JAKARTA, KOMPAS.com - Wakil Ketua Badan Legislasi (Baleg) DPR Willy Aditya menjelaskan soal penghapusan ketentuan pengubahan Pasal 46 UU Minyak dan Gas Bumi dalam draf UU Cipta Kerja terbaru setebal 1.187 halaman.
Willy mengatakan, pasal tersebut memang semestinya dihapus sesuai dengan kesepakatan dalam rapat panitia kerja (Panja) sebelumnya.
"Sesuai teknis perancangan karena tidak ada perubahan, maka tidak ditulis lagi dalam RUU Cipta Kerja atau harus dikeluarkan," ujar Willy saat dihubungi wartawan, Jumat (23/10/2020).
Baca juga: Draf UU Cipta Kerja Berubah Jadi 1.187 Halaman, Ada Penghapusan Pasal
Hal senada diungkapkan Ketua Baleg DPR Supratman Andi Agtas. Menurut Supratman, ketentuan pengubahan Pasal 46 tersebut itu telah diklarifikasi Sekretariat Negara (Setneg) ke Baleg. Sebab, memang tidak ada kesepakatan untuk mengubah Pasal 46 UU Minyak dan Gas Bumi.
"Kebetulan Setneg yang temukan, jadi itu seharusnya memang dihapus," kata Supratman.
Supratman menjelaskan, Pasal 46 UU Migas itu berkaitan dengan tugas Badan Pengatur Hilir (BPH) Migas.
Dia mengatakan pemerintah sempat mengusulkan pengalihan kewenangan penetapan toll fee dari BPH Migas ke Menteri Energi dan Sumber Daya Mineral (ESDM) dengan menambahkan satu ayat, tetapi tidak disetujui.
Namun, Pasal 46 masih tercantum dalam naskah setebal 812 halaman yang dikirim DPR ke Setneg. Ketentuan pengubahan pasal itu sebelumnya tercantum dalam Pasal 40 angka 7.
Baca juga: Banyak Penolakan, Pemerintah Diminta Tunda Pemberlakuan UU Cipta Kerja
Supratman pun telah mengonsultasikan soal temuan Setneg itu kepada para kolega di Baleg. Ia memastikan pasal tersebut seharusnya tidak ada.

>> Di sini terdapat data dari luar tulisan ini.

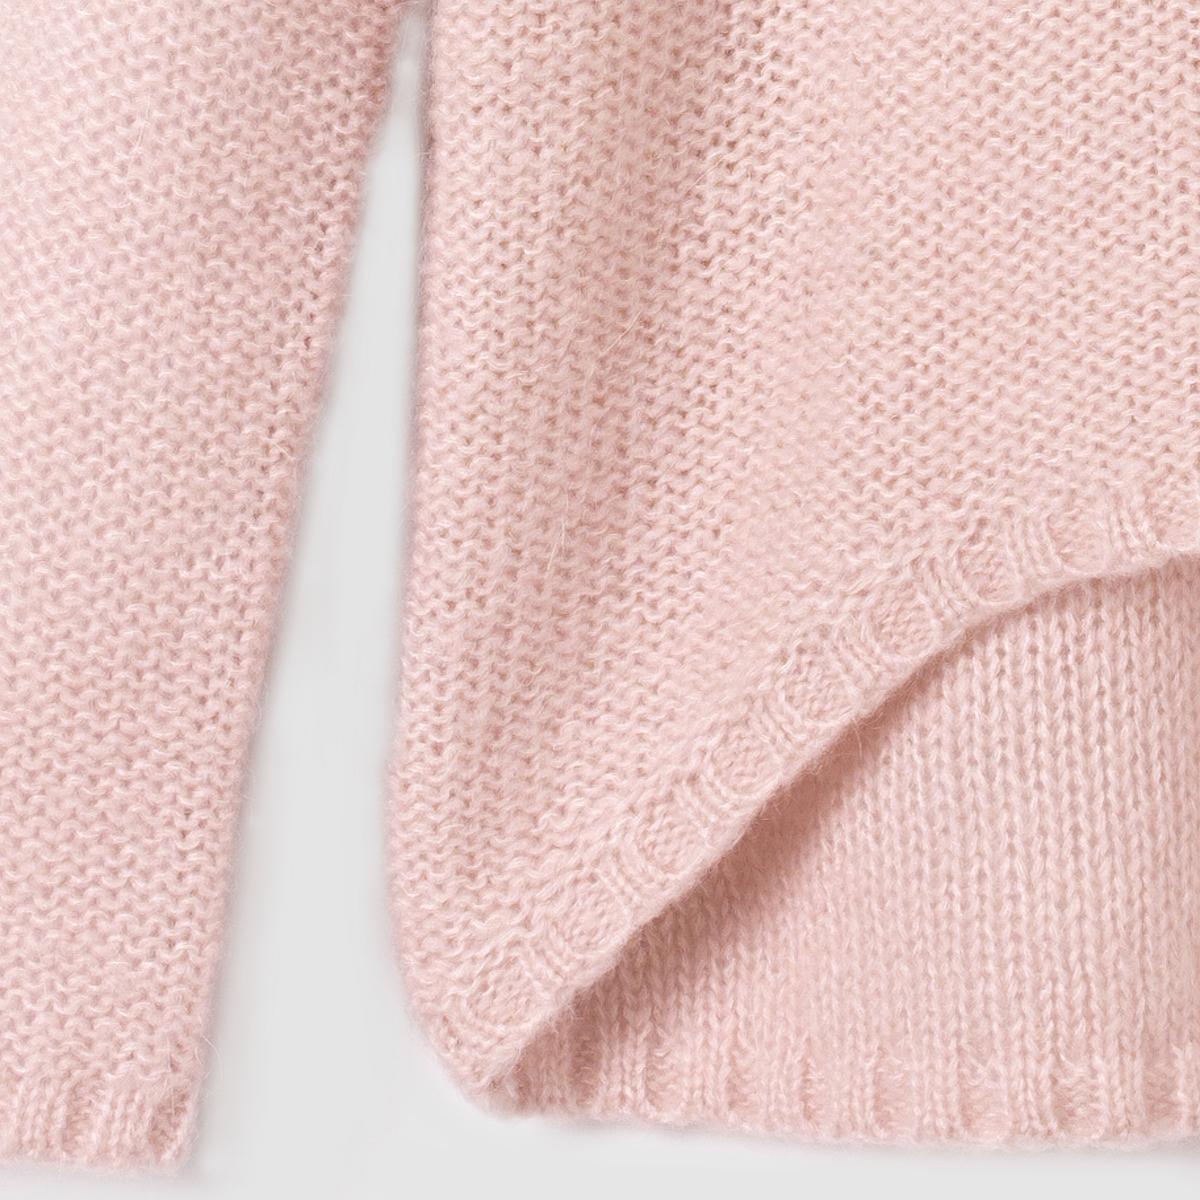 Пуловер удлиненный сзади на 10-16 летПуловер с длинными рукавами и высоким воротником. Чуть длиннее сзади. Отделка в виде вязки в рубчик.                    Состав и описание:           Материал: 56% акрила, 35% полиамида, 9% мохера.         Марка: R essentiel.                     Уход:          Машинная стирка при 30° с одеждой такого же цвета.          Стирать и сушить с изнанки.          Сушить в расправленном виде.          Машинная сушка запрещена.          Не гладить.<br><br>Цвет: розовый<br>Размер: 10 лет - 138 см.14 лет.16 лет

"Ternyata masih tercantum ayat (1) sampai (4). Karena tidak ada perubahan, oleh Setneg itu mengklarifikasi ke Baleg. Saya pastikan setelah berkonsultasi semua ke kawan-kawan itu benar seharusnya tidak ada," ucap Supratkan.
Sebelumnya, Menteri Sekretaris Negara (Mensesneg) Pratikno mengatakan, substansi draf UU Cipta Kerja setebal 1.187 halaman sama dengan yang diserahkan DPR RI kepada Presiden Joko Widodo. Ia memastikan, tidak ada perubahan naskah UU Cipta Kerja.

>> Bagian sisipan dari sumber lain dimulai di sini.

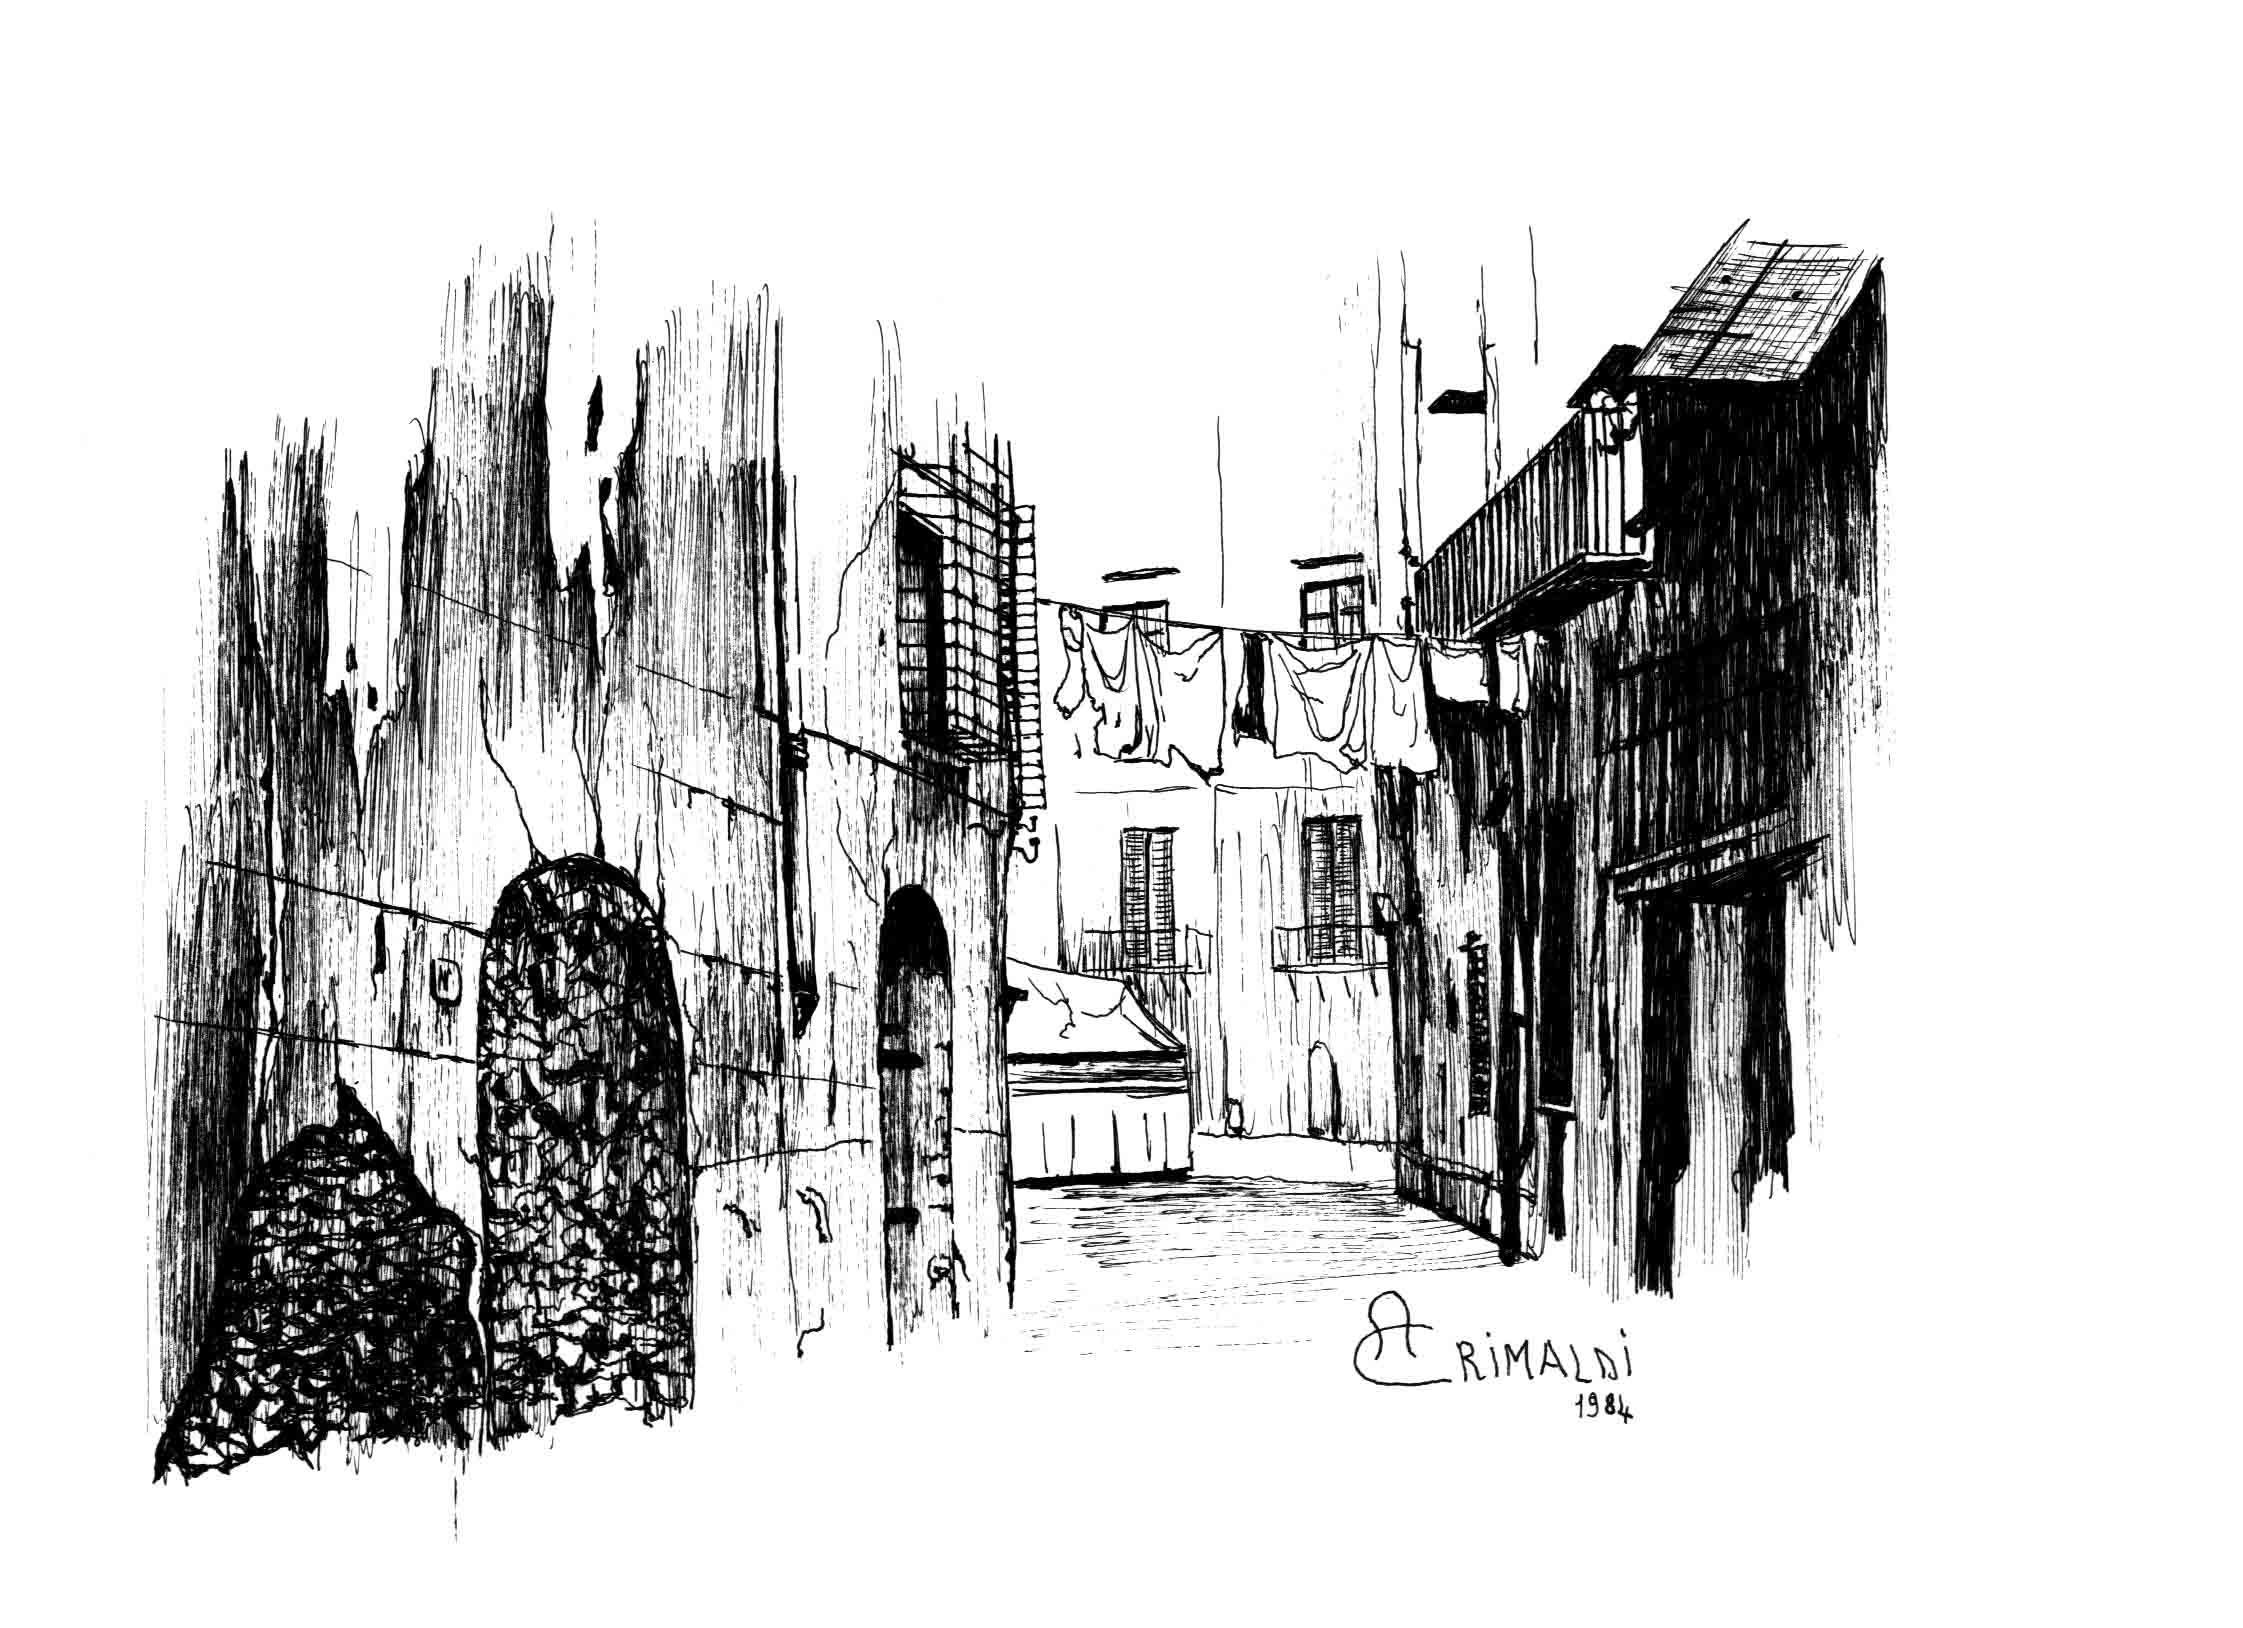 PALERMO 'VICOLO, CHINA SU CARTA, cm 34 x 22 - Copia

"Substansi RUU Cipta Kerja dalam format yang disiapkan Kemensetneg (1.187 halaman) sama dengan naskah RUU Cipta Kerja yang disampaikan oleh DPR kepada Presiden," kata Pratikno dalam keterangan tertulis, Kamis (22/10/2020).
Baca juga: Istana: Substansi Naskah UU Cipta Kerja 1.187 Halaman Sama dengan yang Diserahkan DPR
Ia mengatakan, sebelum disampaikan kepada Presiden, setiap naskah RUU dilakukan penyuntingan dan pengecekan teknis terlebih dahulu oleh Kementerian Sekretariat Negara agar siap untuk diundangkan.
Setiap detail perbaikan teknis yang dilakukan, misalnya kesalahan penulisan dan lain-lain dilakukan atas persetujuan pihak DPR, yang dibuktikan dengan paraf Ketua Badan Legislasi (Baleg).
Adapun, tentang perbedaan jumlah halaman, Pratikno menilai, tak bisa digunakan untuk mengukur kesamaan dokumen. Kesamaan dokumen dengan menggunakan indikator jumlah halaman, hasilnya bisa tidak valid.
Baca juga: Jangka Waktu Pembahasan Aturan Turunan UU Cipta Kerja Dinilai Tak Realistis
"Sebab, naskah yang sama, yang diformat pada ukuran kertas yang berbeda, dengan margin yang berbeda dan font yang berbeda, akan menghasilkan jumlah halaman yang berbeda," tutur Pratikno.
"Setiap naskah UU yang akan ditandatanganin Presiden dilakukan dalam format kertas Presiden dengan ukuran yang baku," ucap dia.
Simak breaking news dan berita pilihan kami langsung di ponselmu. Pilih saluran andalanmu akses berita Kompas.com WhatsApp Channel : https://www.whatsapp.com/channel/0029VaFPbedBPzjZrk13HO3D. Pastikan kamu sudah install aplikasi WhatsApp ya.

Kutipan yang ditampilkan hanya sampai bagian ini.